The new 18-55mm kit lens with image stabilization is also getting remarkable reviews. Some say the sharpness (though clearly not the build quality) is similar to some Canon professional line "L" lenses, which is hard to credit, because you pay well for L lenses, both in money and in bulk/weight.
It's early to judge it, but it seems the companion lens may be a similar phenomenon. Meaning sharpness well beyond what you'd expect for the weight and the price.

This means that if you compare this camera and lens to my Canon 5D with the bulky 24-105mm L IS lens, you should get a slightly shorter zoom range, but virtually identical image quality, and at almost half the size, half the weight and half the price. For somebody like me, who value both portability and sharpness highly, this is rather amazing.

Here's a new article from somebody (Nick Devlin) who also like compact travel cameras.
He has the same experience I've had many times... you didn't intend to do "serious" photography, but you brought a pocket camera, and some pictures happened, and some of them were winners. Winners which did not happen with the Big Camera simply because you could not bear to carry that thing around that day.

How about that carp photo? Jim points out the similarity to one of Escher's masterpieces:


This is funny (from the above mentioned article):
"Despite the fact that I never grew to like composing on the LCD, I got excellent results working this way – at least as good as anything I’ve achieve working in my preferred mode. This continues to trouble me. I haven’t the slightest desire to compose my images on a TV screen. In fact, I actively dislike the process at both a practical and conceptual level. The idea of interacting with the world before my eyes through the mediating forces of a machine which disaggregates reality into a sterile digital code and reconstitutes a small and inferior electronic simulacrum of it inches from my face is distasteful to me. Yet, it worked with my way of seeing exceptionally well."

Hehe. Cutting off your nose...
I have found much the same thing. (Though I don't protest as much.) I think the good results may stem from the simple fact that when using an LCD screen one is looking at a picture while making a picture. It makes for a easier mental translation than when looking through a hole at "reality". One tends to see the composition as a whole, including the frame, instead of looking at the central element mainly.

Maybe this also means the rangefinder style of working is not for me. Saves me five grand right there. :)
I think reality is overrated when the end result is a picture.

Mr. Devlin also writes:
"To be blunt, I can’t see the point of non image stabilized cameras anymore. This tool is just too powerful to ignore."

Too true. Any camera these days which does not have full image stabilization has a very serious disadvantage. Which is a pity for a company like Leica which probably considers such a capability only relevant for amateur snap shooters, not for serious camera users. (Remember they only got auto-exposure decades after the others did.) Not to mention they probably don't have the financing to buy or develop the technology.

2 comments:

Anonymous said...

So five years later you can get similar features for one tenth the price. Remarkable.

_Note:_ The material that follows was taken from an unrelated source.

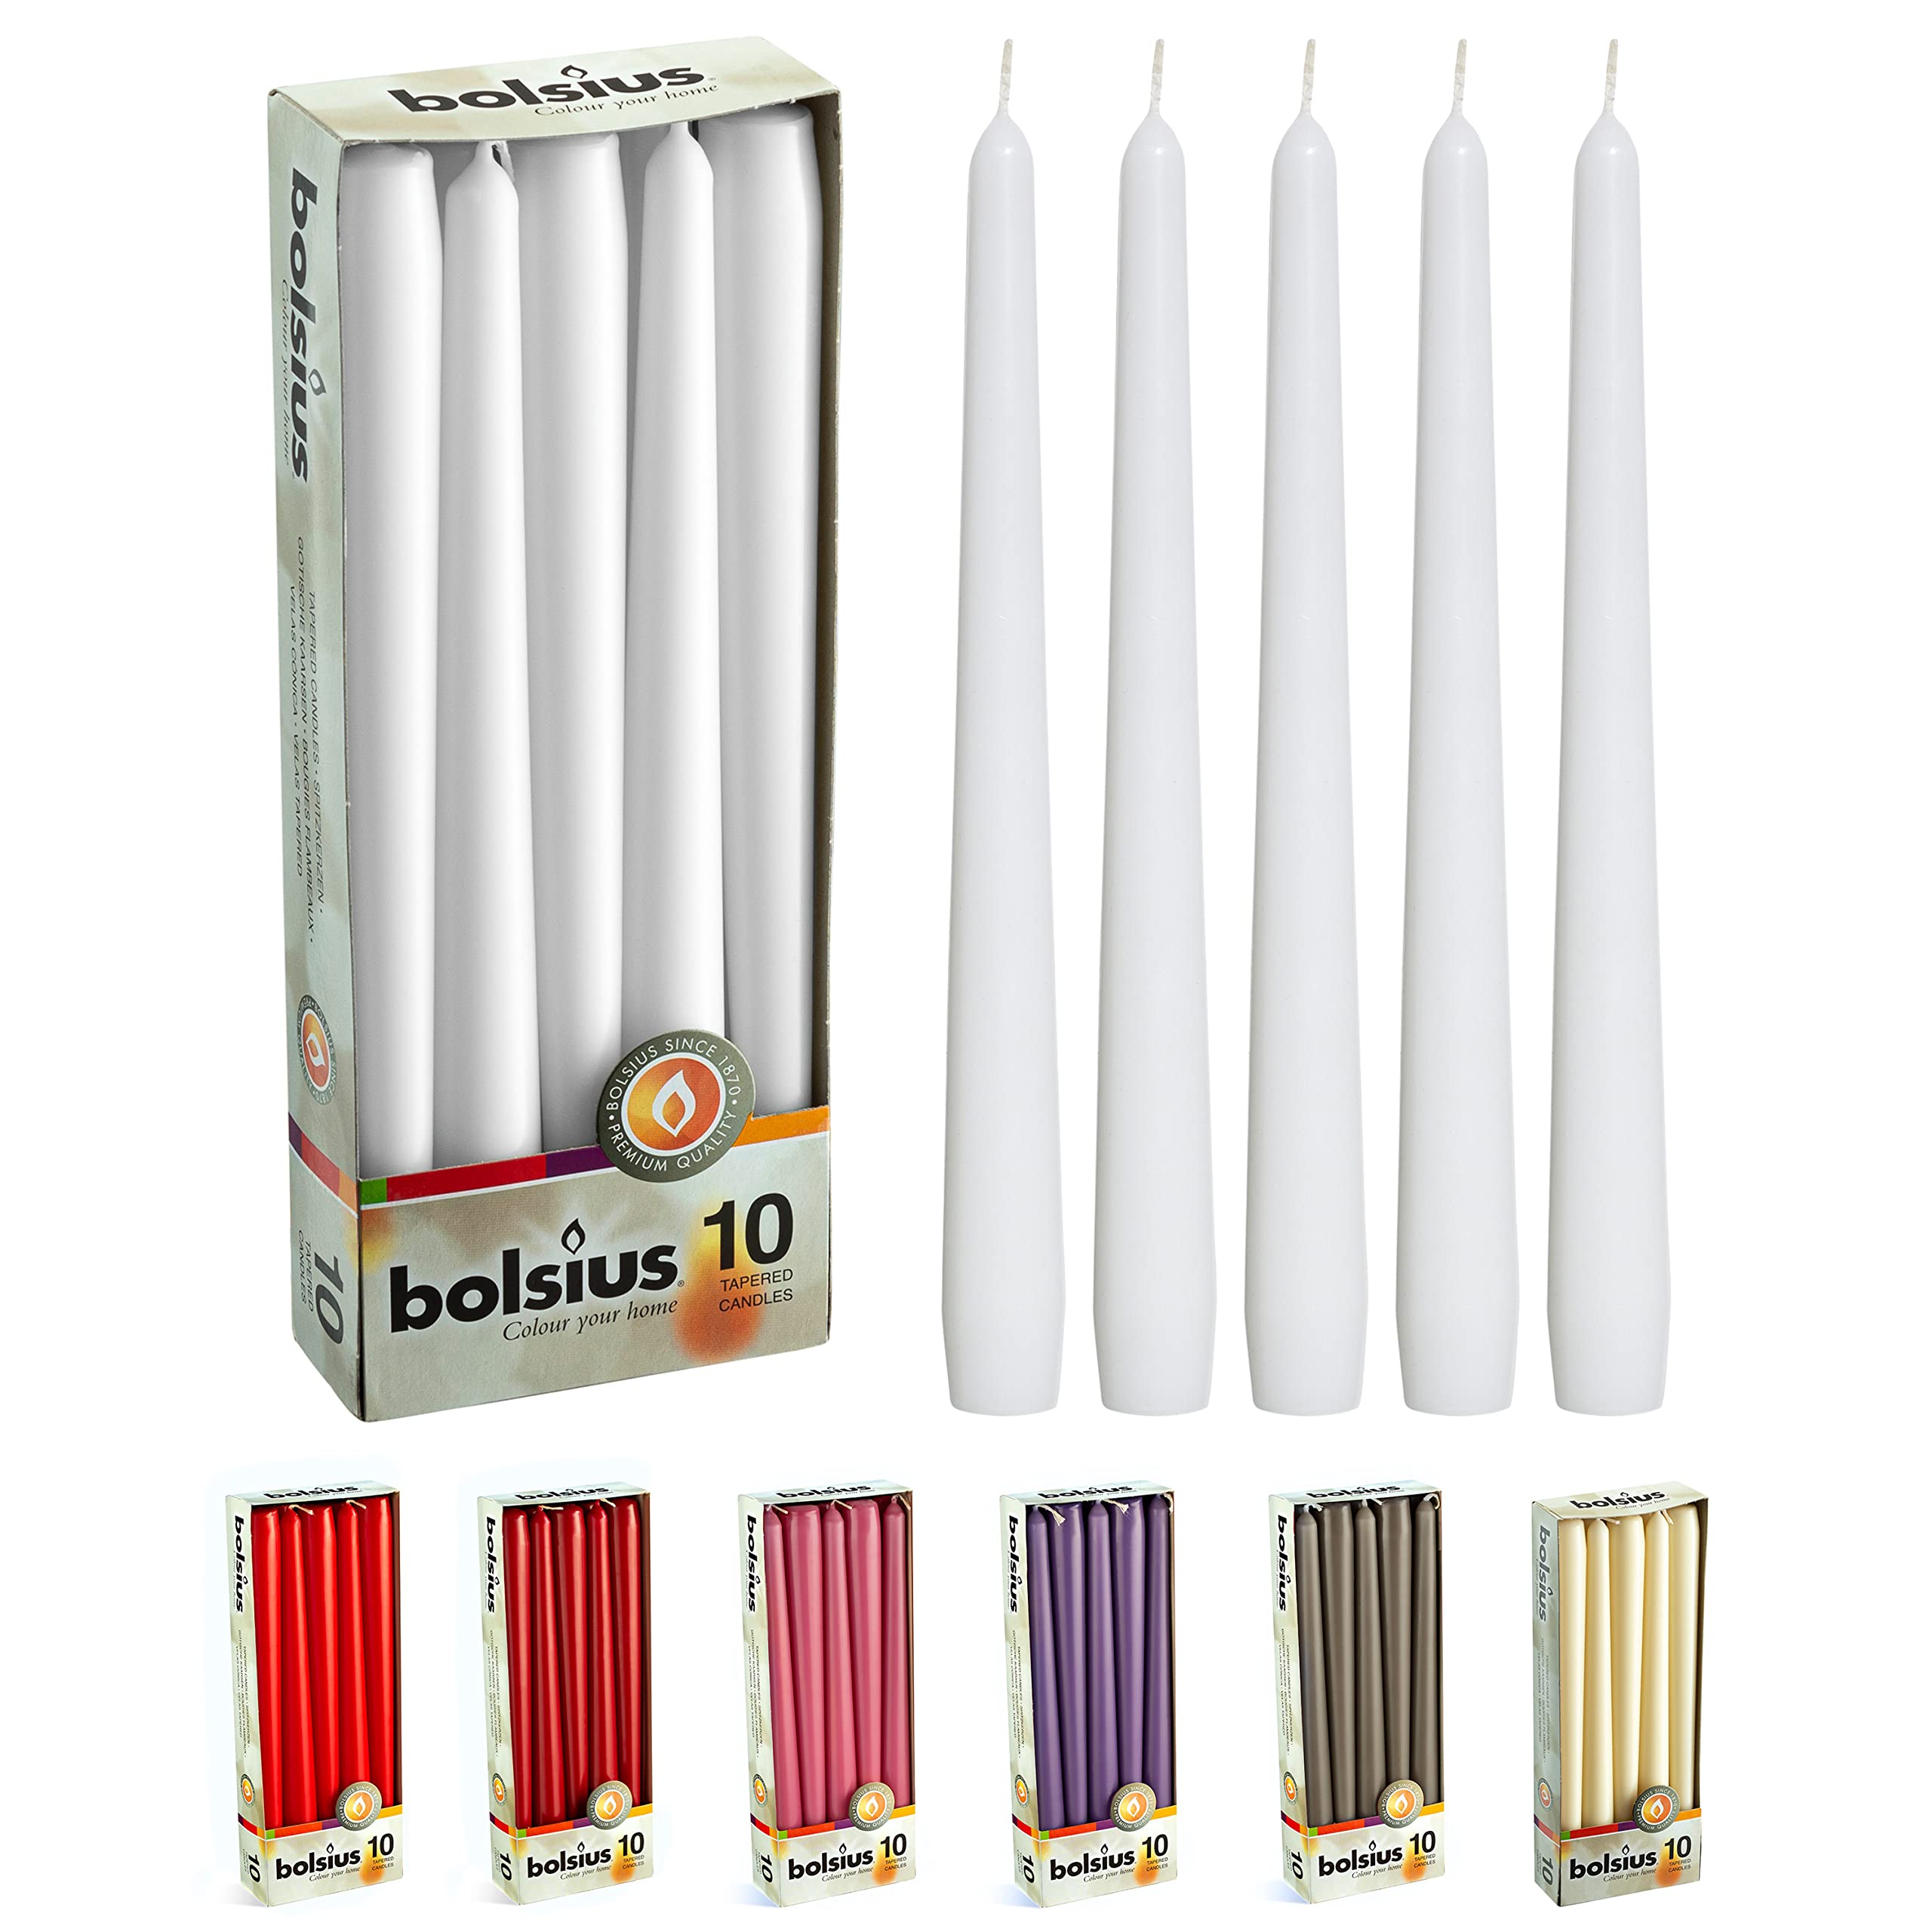 BOLSIUS Unscented 10 Inch Dinner Candles, 10 Pack - 8 Hour European Quality Smokeless Dripless Taper Candles for Home D�cor  - Like New

Remarkable, yes; surprising, no. It's Moore's Law to three significant digits. 2 to the power of (5 years divided by 18 months) = 10.079. The way the doubling multiplies out so quickly is hard to grasp, though.

Anonymous said...

Can you guys give me your opinion on in-body vs in-lens image stabilization? The former seems to make so much more sense, both in terms of cost as well as overall weight/bulk, that I wonder why it appears to be the latter which is more common?